PROVIDED DATA:
+===+
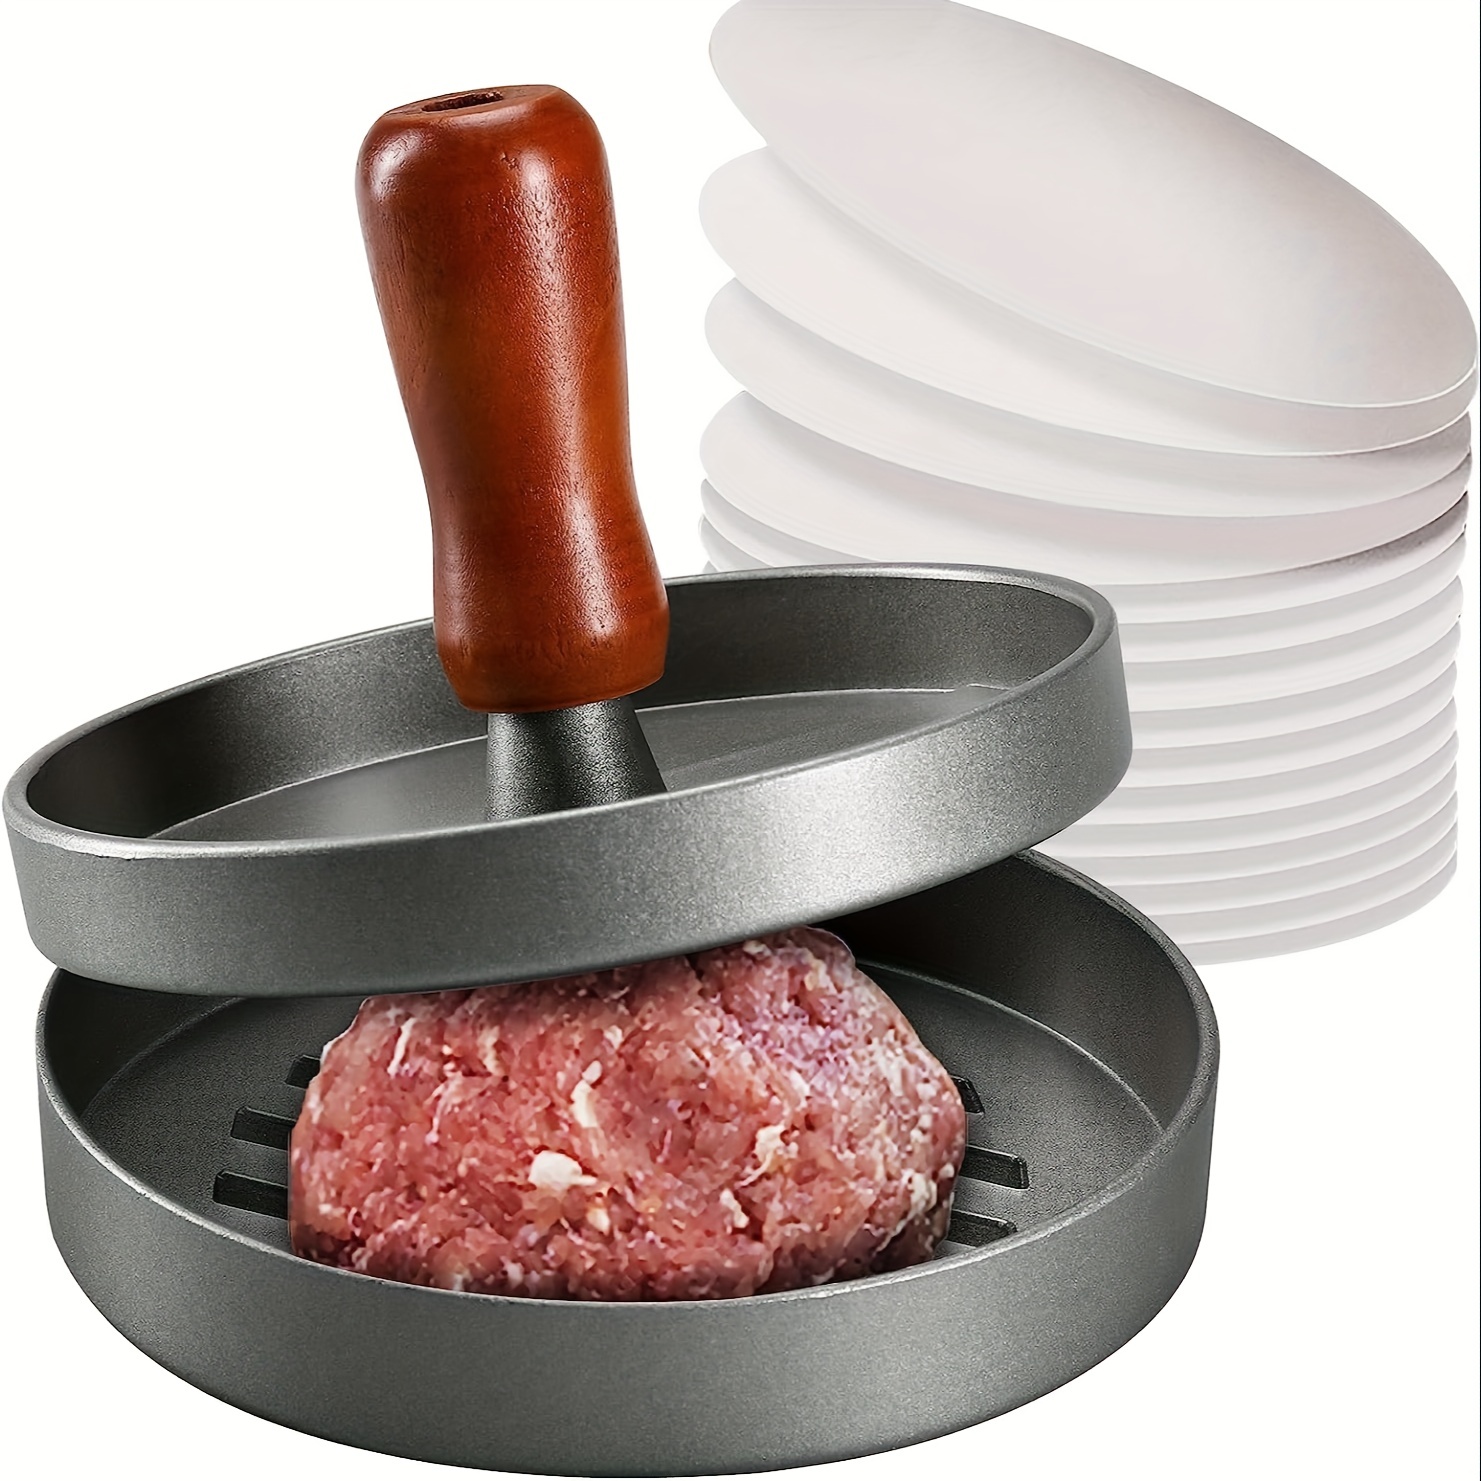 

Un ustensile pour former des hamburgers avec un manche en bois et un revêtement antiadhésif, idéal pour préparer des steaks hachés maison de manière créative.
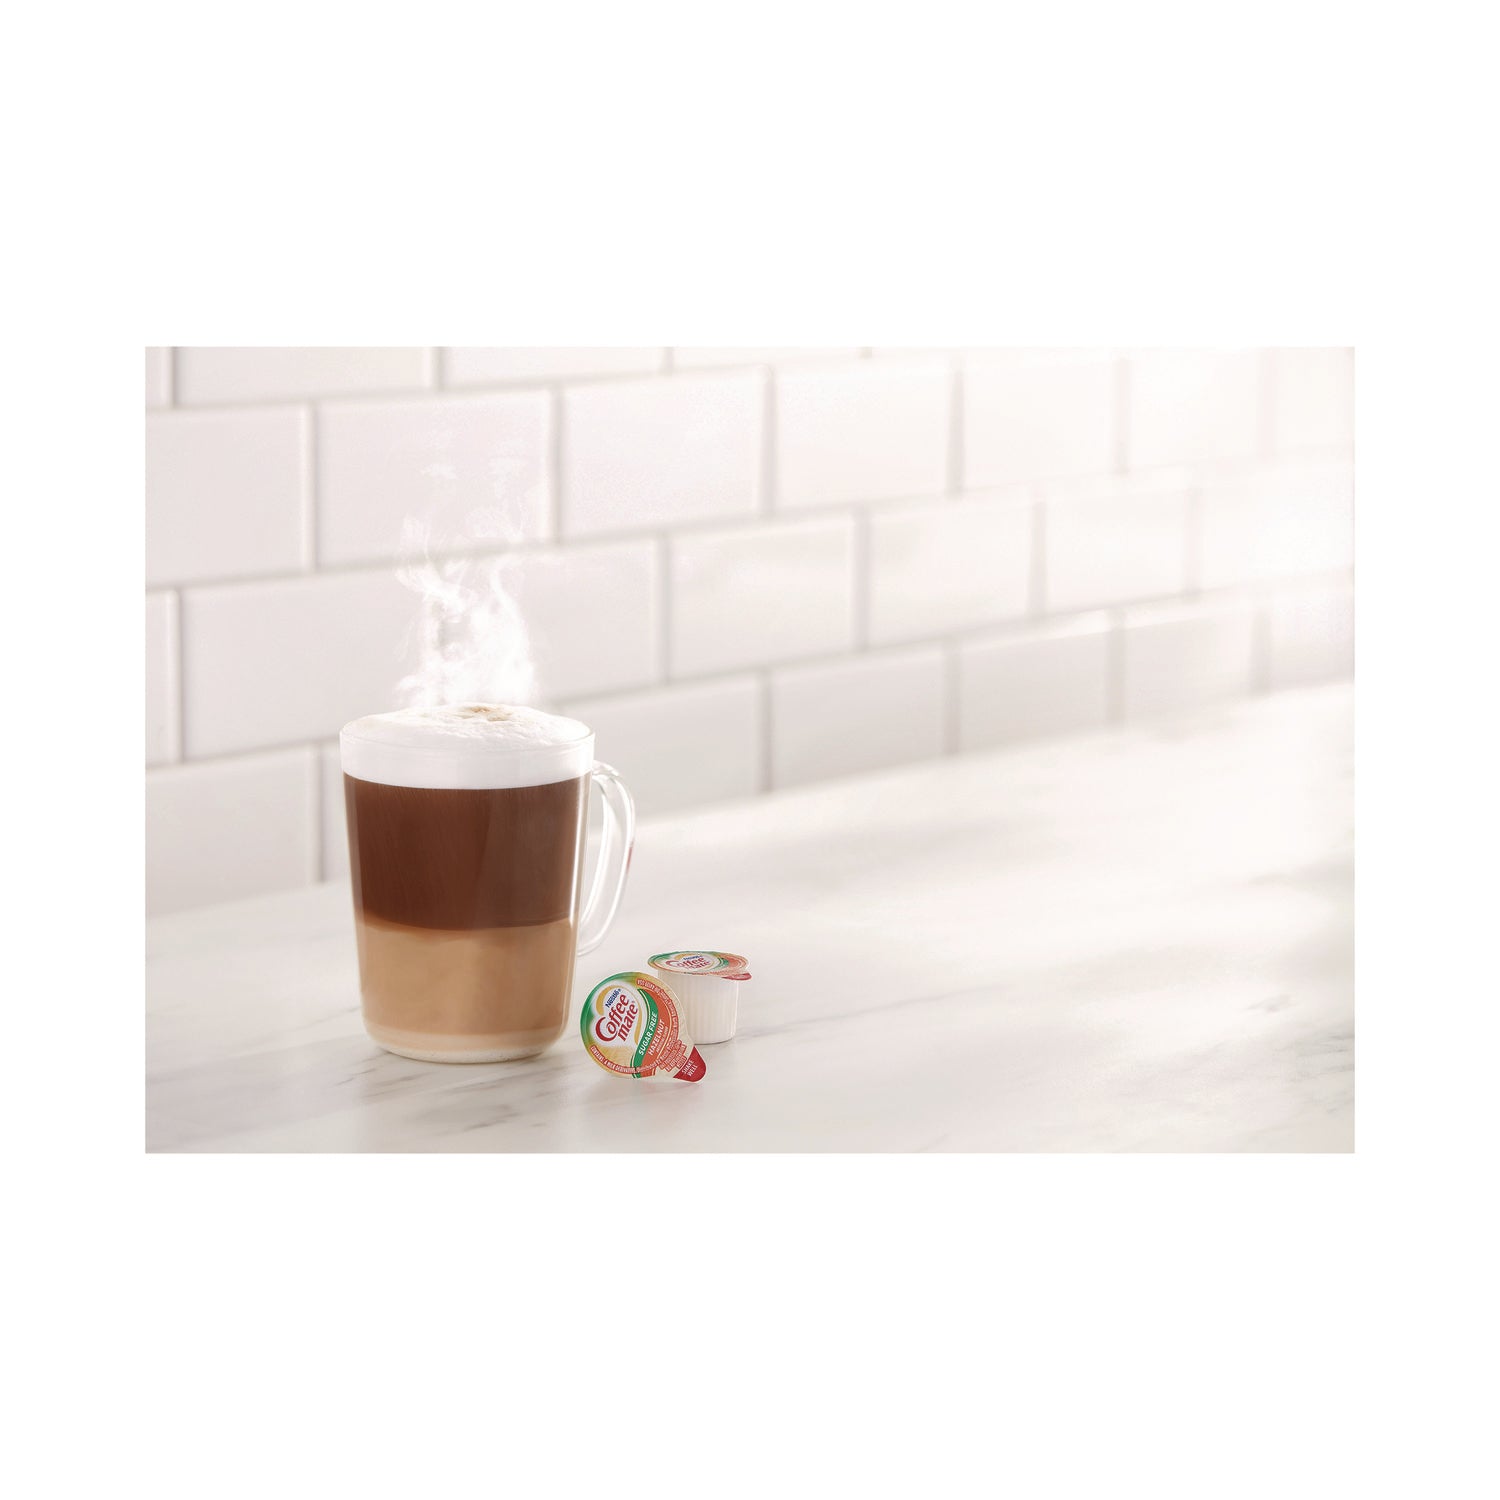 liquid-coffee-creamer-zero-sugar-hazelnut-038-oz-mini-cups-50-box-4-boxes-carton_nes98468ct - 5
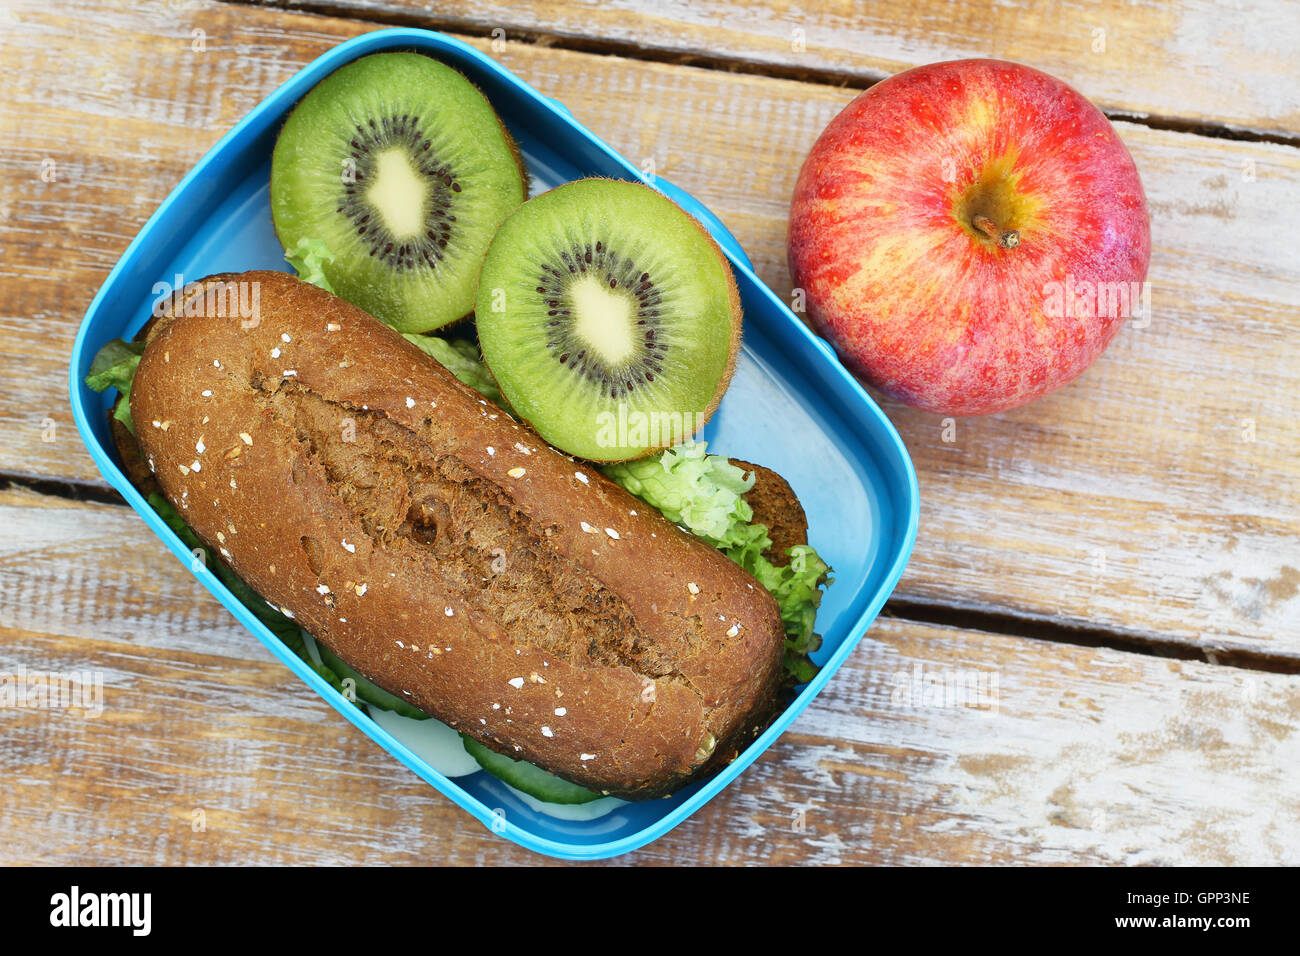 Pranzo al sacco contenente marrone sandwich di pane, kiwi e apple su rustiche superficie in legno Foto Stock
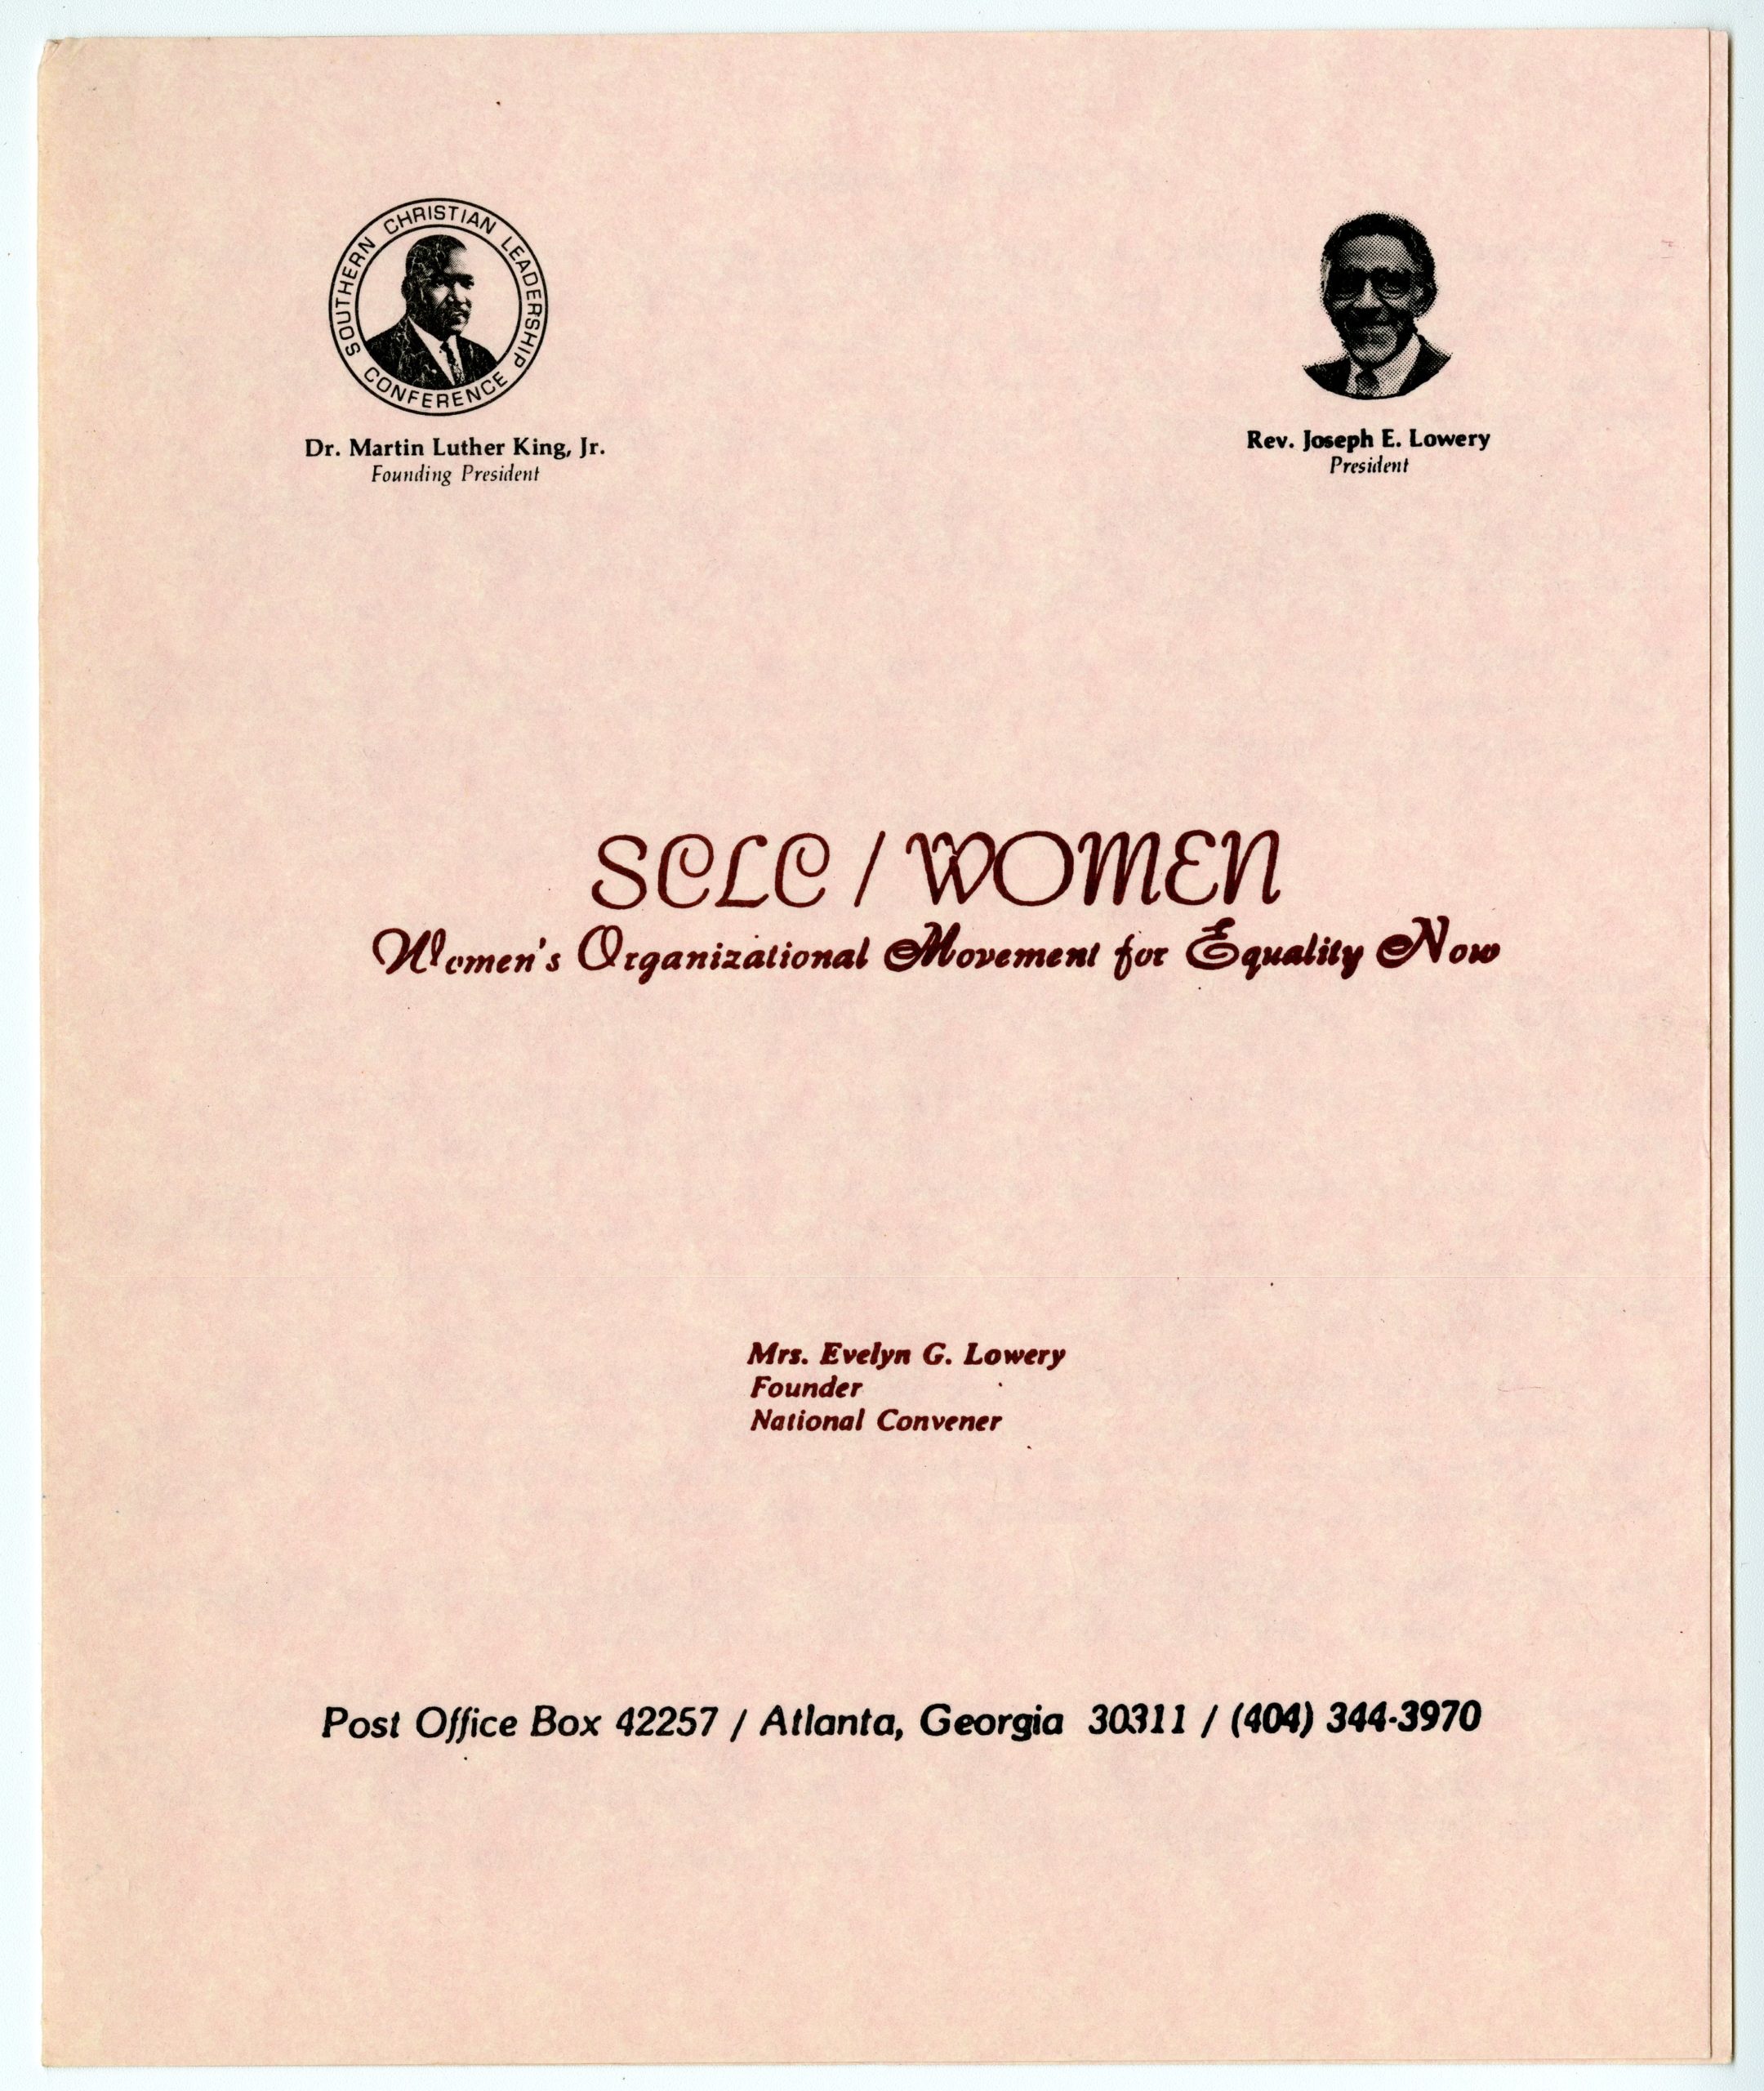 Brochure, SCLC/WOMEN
+===+
TASK REQUIREMENTS:
Please output the material as written, apart from the images.

ANSWER FOR THIS EXERCISE:
Un ustensile pour former des hamburgers avec un manche en bois et un revêtement antiadhésif, idéal pour préparer des steaks hachés maison de manière créative.
 liquid-coffee-creamer-zero-sugar-hazelnut-038-oz-mini-cups-50-box-4-boxes-carton_nes98468ct - 5
 Pranzo al sacco contenente marrone sandwich di pane, kiwi e apple su rustiche superficie in legno Foto Stock
 Brochure, SCLC/WOMEN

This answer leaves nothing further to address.